As FIG. 15 shows, a capping member 142 couples to the cap end 138 of the press 132. The capping member 142 facilitates rotational and axial manipulation of the press 132 and the chambers 118a-f. The capping member 142 also covers the first end 108 of the housing 102. As FIGS. 17 and 18 show, the capping member 142 may have multiple ridges 144 that fit into the slots 140a, 140b at the cap end 138 of the press 132. This mating relationship enables the application of a rotational torque 170 and an axial force 172 on the capping member 142, which then rotatably manipulates and axial displaces the press 132 along the chambers 118a-f. In some embodiments, the capping member 142 comprises a cap handle 164 to provide a grip for facilitated rotation of the capping member 142.

Thus, applying a rotational torque 170 and the axial force 172 to the capping member 142 rotates and axially displaces the press 132 and the plurality of chambers 118a-f. In this manner, the rotation and axial displacement of the plurality of chambers 118a-f engages the membrane 166 with the plurality of impaling members 114a-d. This consequentially works to at least partially tear the membrane 166 when the membrane 166 engages the impaling members 114a-d in this agitating manner. In one embodiment, the capping member 142 has a generally disc shape and ribs that form at the perimeter to provide grip for rotating the capping member 142.

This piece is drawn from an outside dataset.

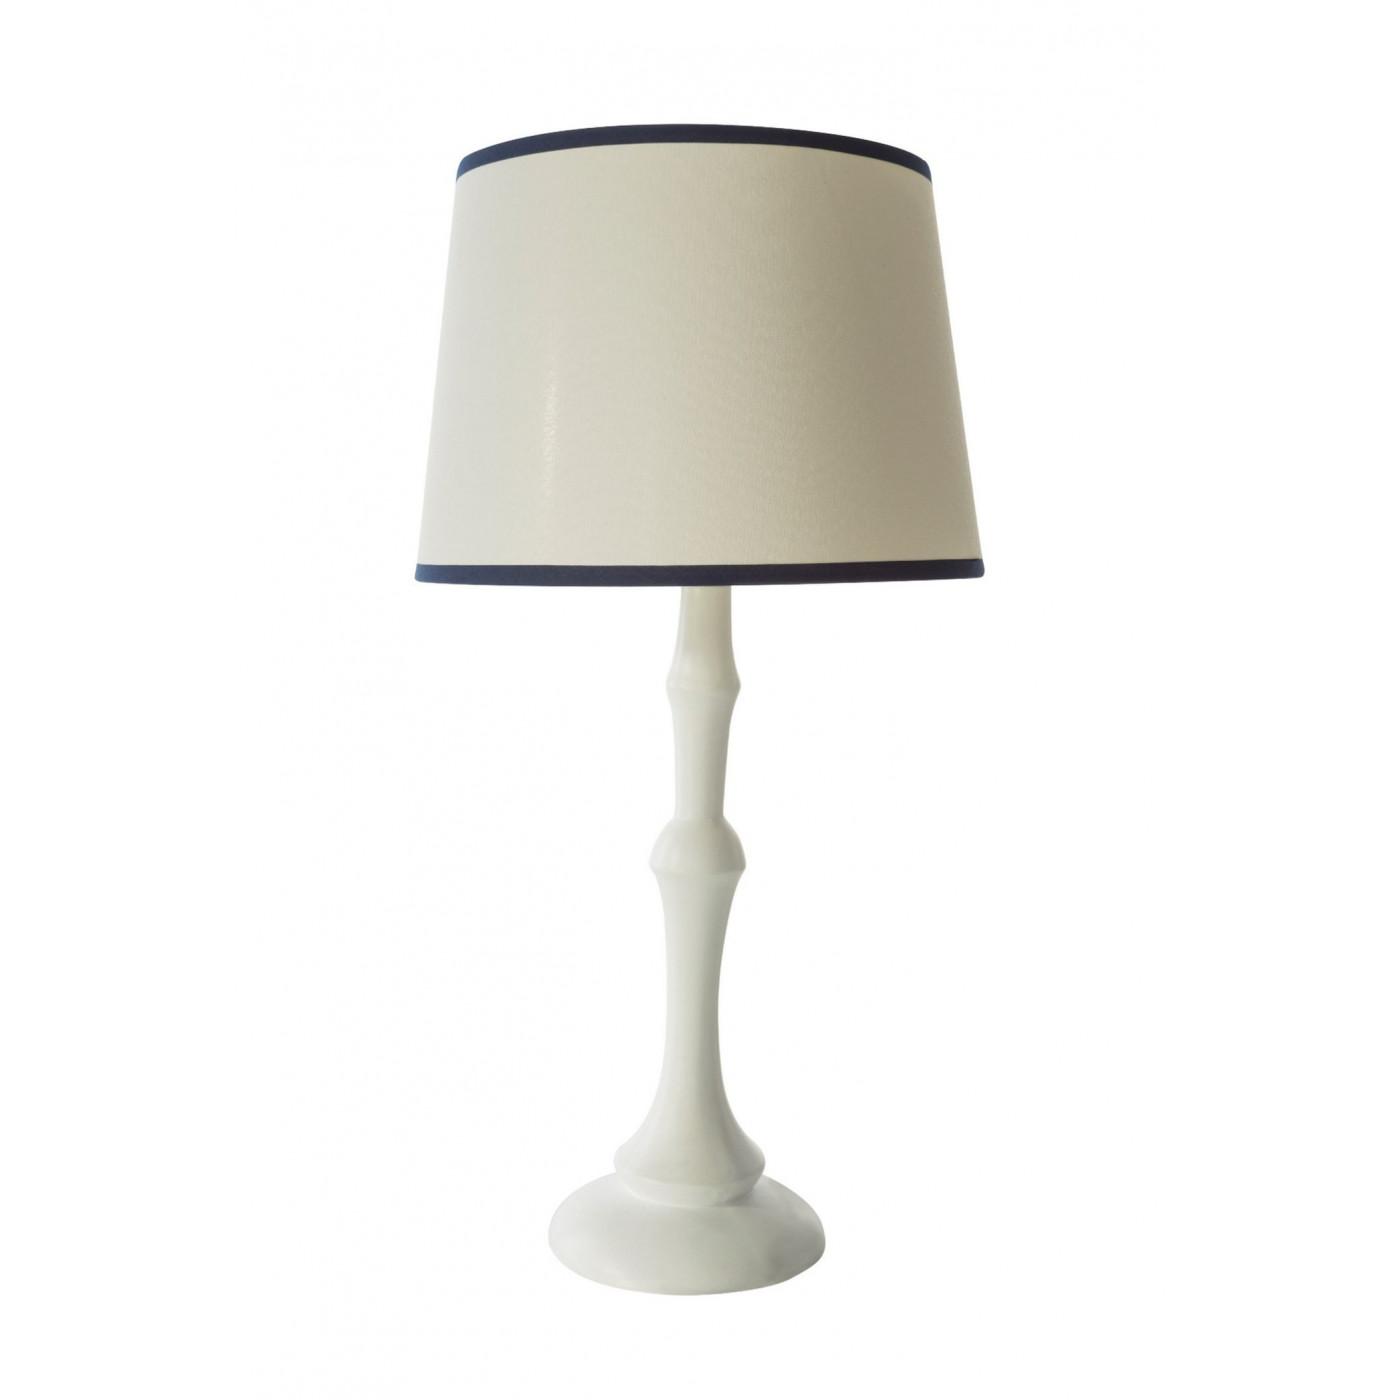 Lampa dekoracyjna ecru 55 cm

For example, FIGS. 16A, 16B, and 16C illustrate a sectioned view of the chambers 118a-f dispensing nutritional composition 160a-c as the press 132 applies an axial force 172 on the nutritional composition 160a-cs in the chambers 118a-f. FIG. 16A illustrates the press 132 in a top position, FIG. 16B illustrates the press 132 being axially displaced, and FIG. 16C illustrates the press 132 forcing a substantial amount of the nutritional composition 160a-c from the chambers 118a-f.

Consequently, this rotatable and axial manipulation of the chambers 118a-f works to tear the membrane 166 that covers the openings 126 of the chambers 118a-f. After the membrane 166 is torn, punctured, or ripped, the nutritional composition 160a-cs is free to flow through the openings 126, and through the channel 112 in the housing 102 onto the plant. However, the dispenser 100 provides yet another unique mechanism to restrict flow of the nutritional composition 160a-c after the membrane 166 has been torn—a valve assembly 146.

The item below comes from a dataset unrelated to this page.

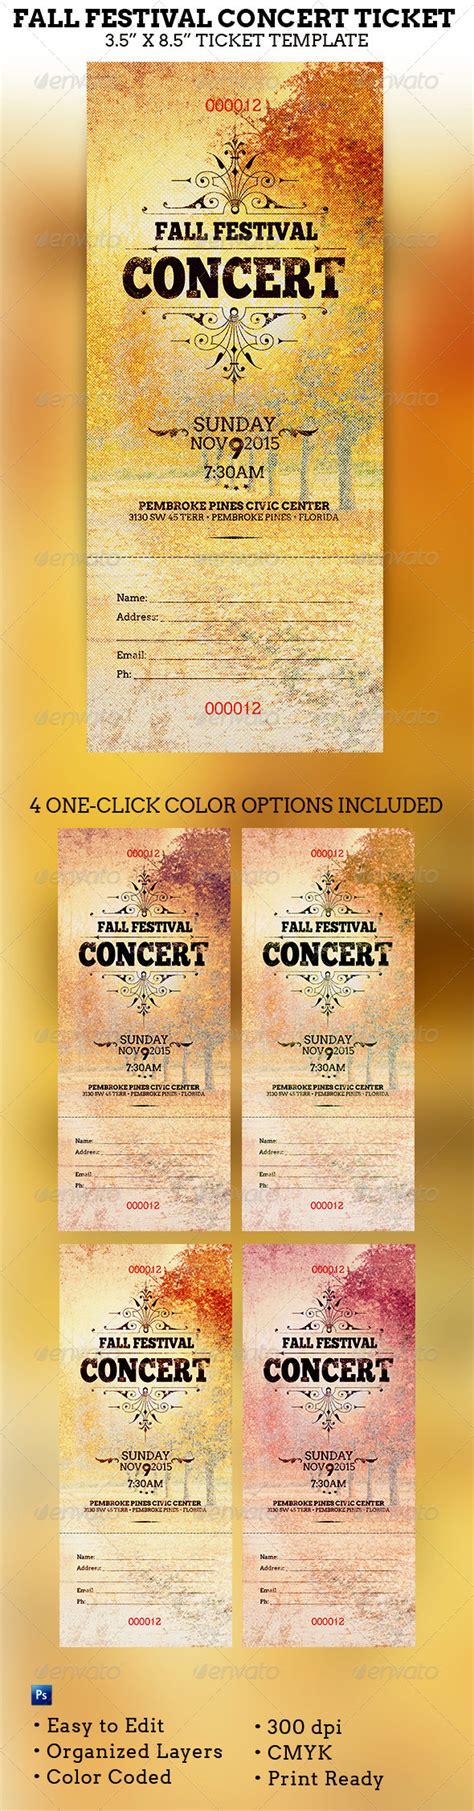 fall festival concert ticket template concert ticket

From the enclosed region 106 of the housing 102, the valve assembly 146 is used to selectively block and enable passage through the openings 126 in the dispensing end 124 of the chambers 118a-f. This type of regulation may be useful after the membrane 166 has been torn, and the openings 126 are not covered. The valve assembly 146 can be secured to the housing 102 by ultrasonic welding, adhesive bonding, friction and the like.

The valve assembly 146 comprises a plurality of receptacles 148 that retain a plurality of plugs 150a-f in alignment with the openings 126 in the chambers 118a-f. The valve assembly 146 further comprises a valve handle 152 that passes through the channel 112 in the housing 102. The valve handle 152 may be axially manipulated through the channel 112 to align and bring the receptacles 148 in contact with a respective openings 126 in the chambers 118a-f, or orifice 162 in the chamber caps 158a-d. In one embodiment, the valve assembly 146 has a generally circular shape that aligns with the openings 126 in the chambers 118a-f.

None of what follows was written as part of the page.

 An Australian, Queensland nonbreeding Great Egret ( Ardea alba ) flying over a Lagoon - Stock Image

In some embodiments, the plugs 150a-f may be sized and dimensioned to selectively couple and decouple with their respective openings 126. Though in other embodiments, the plugs 150a-f couple and decouple with the orifices 162 in the chamber caps 158a-d that cover the openings 126. In one embodiment, the plugs 150a-f are configured to form a friction fit relationship with the openings 126 formed in the chambers 118a-f, or the orifice 162s formed in the chamber caps 158a-d.

An exemplary use of the valve assembly 146 is shown in FIGS. 10A, 10B, and 10C. Here, the chambers 118a-f dispense the nutritional composition 160a-c as the valve assembly 146 is pulled through the channel 112. FIG. 10A illustrates the valve assembly 146 in the non-pulled position. FIG. 10B illustrates the valve handle 152 being pulled. And FIG. 10C illustrates the plugs 150a-f decoupling from the openings 126 in the chambers 118a-f.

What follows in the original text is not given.